This repository contains tools which help working with IPFS that was collected during the ORCESTRA field campaign.
The file pinlist.yaml
contains a list of Pin objects according to the IPFS Pinning Serices API Spec:
The pinlist contains descriptions of CIDs which are relevant for the field campaign and should be kept. The pinlist is used by pinning services to pin those CIDs.
The only required attribute is the cid
, however, the other attributes are recommended. name
and meta
help identifying the Pin object. For incremental changes, The meta.prev
attribute should point to an existing CID that the changes are based on. This allows IPFS to only fetch and pin differences, which can speed up retrieval.
It may be necessary to pin only subsets of all CIDs depending on available storage space or network bandwidth. In order to facilitate this selection, it is recommended to provide a list of tags
within the Pin object metadata, e.g.:
cid: Qmas...
name: ORCESTRA HEAD v42
meta:
tags: [all]
Currently known tags
are:
all
: For "head" CIDs pointing to the whole ORCESTRA datasetaux
: For auxiliary data that should be available on processing sites, but is not part of the ORCESTRA dataset
A very simple way to pin everything contained in the pinlist would be using yq:
cat pinlist.yaml | yq .[].cid | xargs ipfs pin add -r
A simple way to e.g pin only dropsonde data could be:
cat pinlist.yaml | yq '.[] | select(.meta.tags.[] == "dropsonde").cid' | xargs ipfs pin add -r
The most common entry in the pinlist is the so-called "HEAD CID", which is a recursive pin pointing to the entire ORCESTRA dataset. This CID is intended for easy mirroring of the whole dataset at different locations (e.g. DKRZ in Germany, CIMH in Barbados).
The HEAD CID can be created by writing the whole dataset tree to the Mutable File System (MFS).
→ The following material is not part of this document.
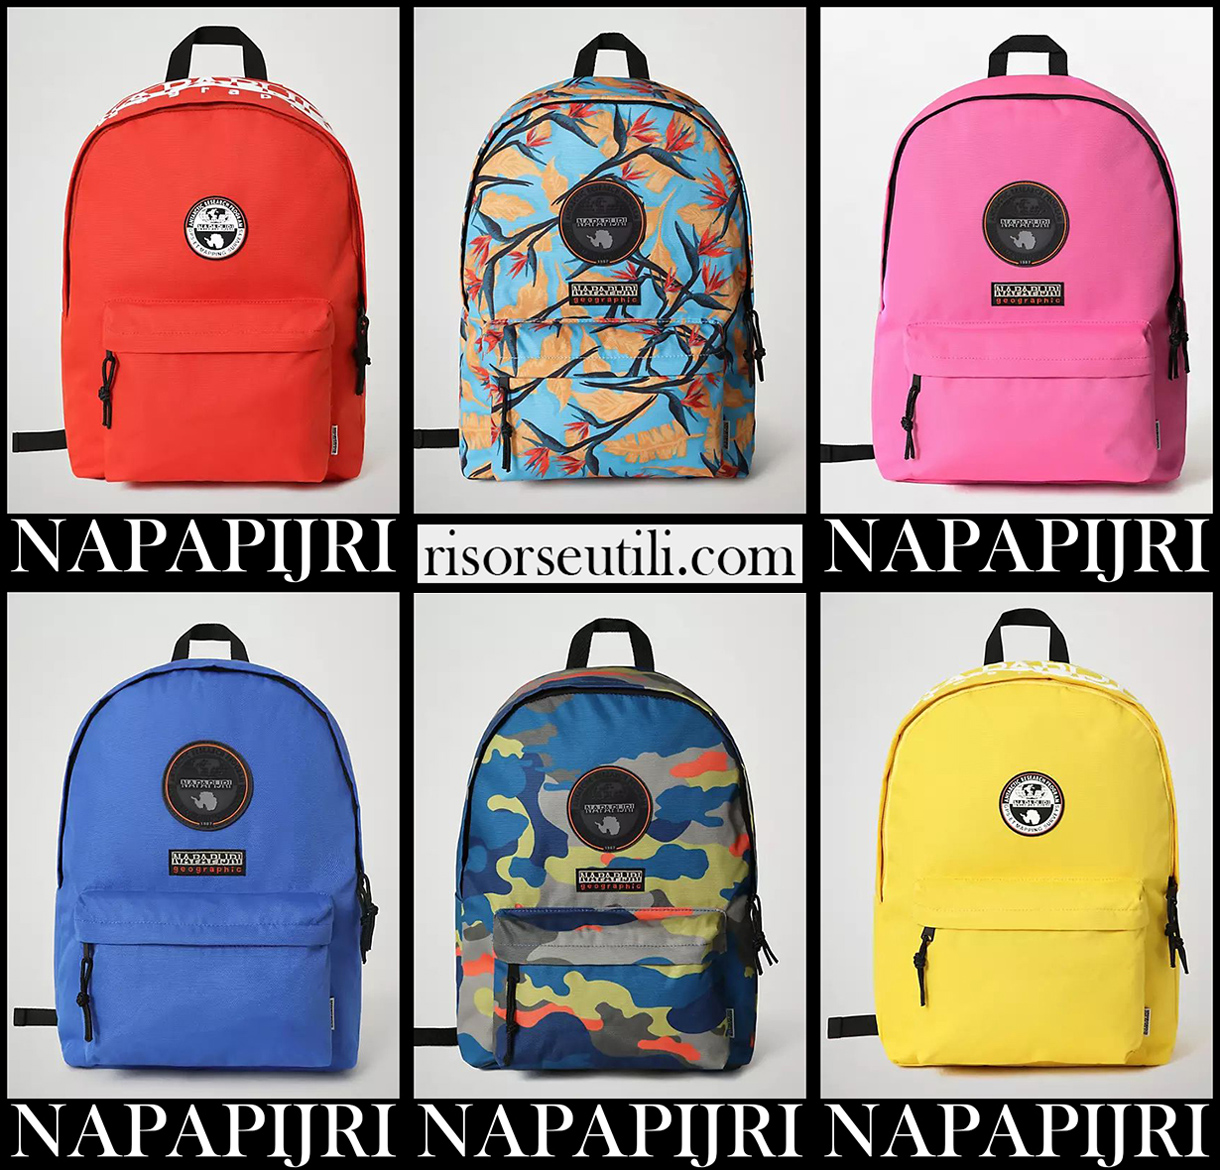 New arrivals Napapijri backpacks 2021 2022 school free time

The structure of the dataset tree and the associated CIDs are defined by the tree.yaml
file.
The convenience script scripts/write_tree.py
can be used to write the tree currently described in tree.yaml
to the MFS and retrieve the HEAD CID.
One caveat of the current Pull Request (PR) based pinning system is the need for synchronicity between the merging of a new dataset and the availability of that data. This means that the data is initially only available on the system of the data provider who has opened a PR to add their data. In order to merge that PR, the data must be available, i.e. the data provider's system must be reachable. This is likely to be the case for servers or HPC systems, but less likely for personal computers of virtual machines.
A possible workaround is to create Content Addressable Archives (CAR). These archives bundle the (recursive) CIDs together with the data. You can create a CAR for a given CID by running
ipfs dag export <CID> > <CID>.car
The resulting CAR can then be made available when opening a PR (e.g. on the Levante file system or via a file sharing provider, depending on size). The CAR can then also be used to pin the data if the data provider's system is unreachable.